Turning Air into Water

40 percent of the world is dealing with a water shortage. This means that over 2 billion people have to survive in barren and often unsanitary conditions, while everything crumbles around them. Nothing can survive without water. Plants dry up, cattle starve to death, and people succumb to the ailments associated with drinking unsanitary water.

The irony is that water exists all around us. Water droplets shining on leaves in the morning seem to appear out of thin air. This is where companies like EWA Technologies and Air2Water will collect water.

EWA gives a rough estimate of how much water there actually is in our atmosphere: “Air humidity, an unlimited renewable natural resource, is available to all mankind, except in few extreme climatic regions where the temperature is bellow 4oC or extreme arid zone. One cubic kilometer of air contains 10 to 40 tones of life-giving water. Nature continually recharges the atmosphere with humidity by evaporation from the world’s oceans, seas and fresh water bodies.”

Both companies use similar technologies. Air is pulled into a machine where it is condensed into water after passing through a filtration system that removes airborne particles and bacteria. Air2Water also applies UV light to the collected water to ensure that consumers won’t sip up any bacteria or viruses as well.

More than one billion people currently
lack adequate or sufficient drinking water.
(Photo: EWA Technologies Group)

EWA prides itself on using as little energy as possible in the process. By using both residual water and solar heat to power their products, the price of producing water comes to about 5 US cents per cubic meter!

EWA is focused on providing the liquid to nations hit the hardest because of economic hardships and location; like rural villages nowhere near a river and without pipelines.
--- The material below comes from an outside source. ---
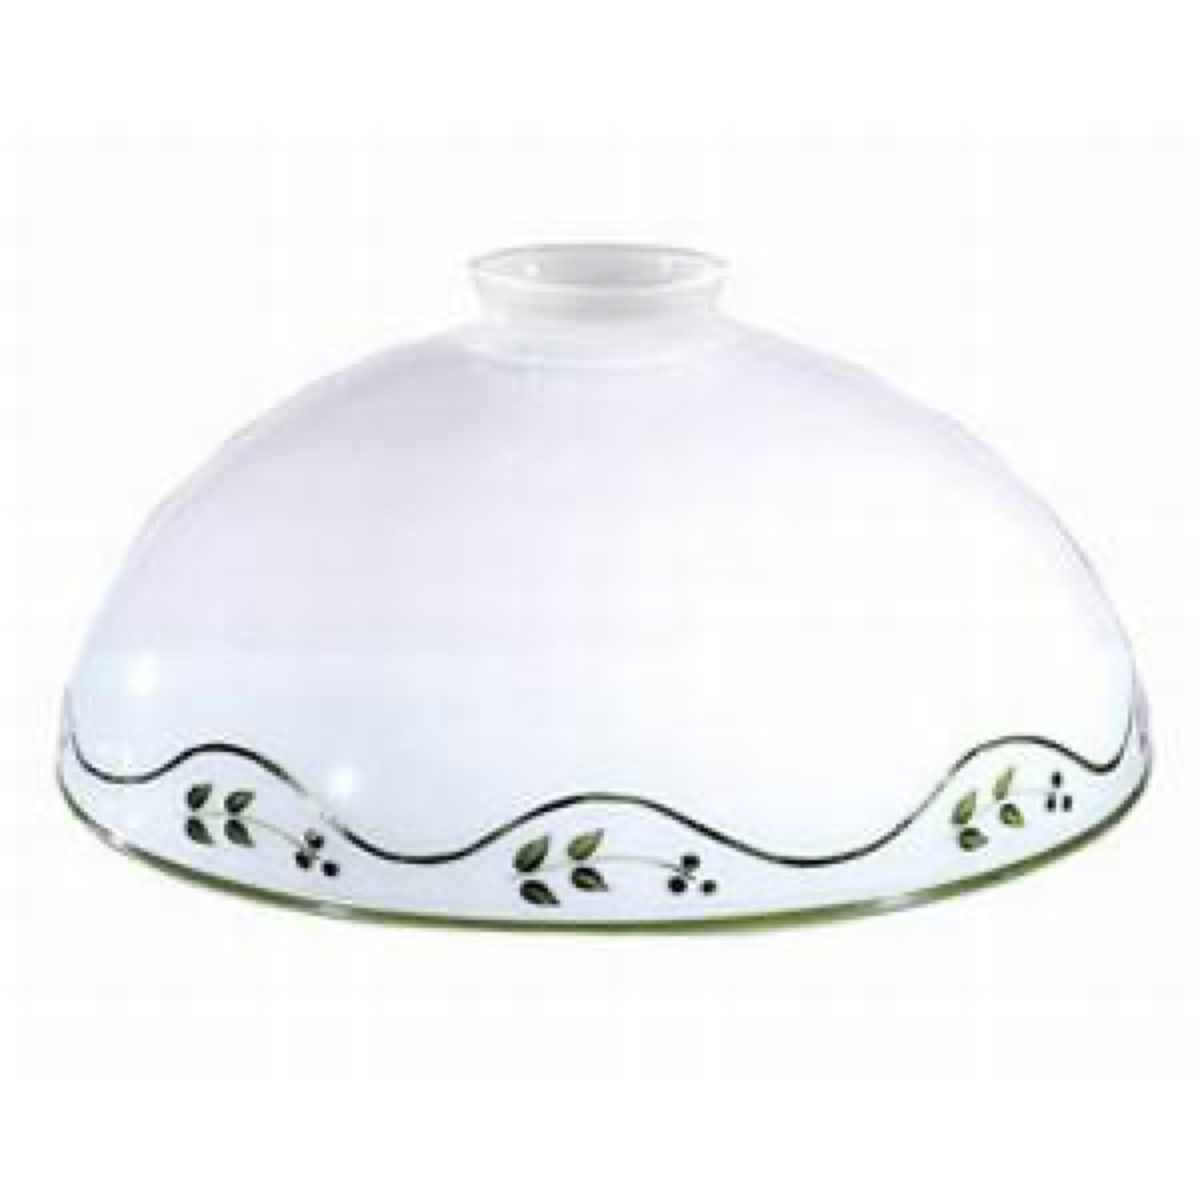 KOLARZ LeuchtenErsatzglas der Serie Nonna Kuppel grün Durchmesser 30 cm

EWA uses a desiccant material to attract moisture. (Silica Gel and Rice (often found in salt shakers) are examples of desiccant materials that absorb moisture from the air.) The water is then collected through processes involving wind drying, heating and vacuum. EWA has a variety of models, all using the same technology, ranging from devices that produce a few liters to larger machines that pour out a whopping 1000 liters on a daily basis. Combining a few of the larger machines could fill up a swimming pool in no time!

Water has been a topic of debate for decades. WaterAsia is hosting their 9th international conference and exhibition this month, which focuses entirely on the water industry. Companies like EWA and Air2Water are sure to make an appearance alongside representatives of breweries, power stations, oil refineries, fiber plants and countless other companies that depend on water to function. It seems like everyone could benefit from a little more water at their disposal.

One Response to “Turning Air into Water”
  1. Nick Sharp says:

    “One cubic kilometer of air contains 10 to 40 tones of life-giving water.”

    I think you will find the figure is wrong by ~1000.

    The sat vap density of water at eg 30 deg C is 30gm per cu M. So as 1 cu KM=1000,000,000 cu M, a cu KM at RH=100% (sat) and 30 deg C would hold 30,000 tonnes (not ‘tones’ !!).

    Maybe the errors came first from EWA, and secondly by copying them!

    What it means is the opportunities of extracting fresh water from air are HUGE. Good!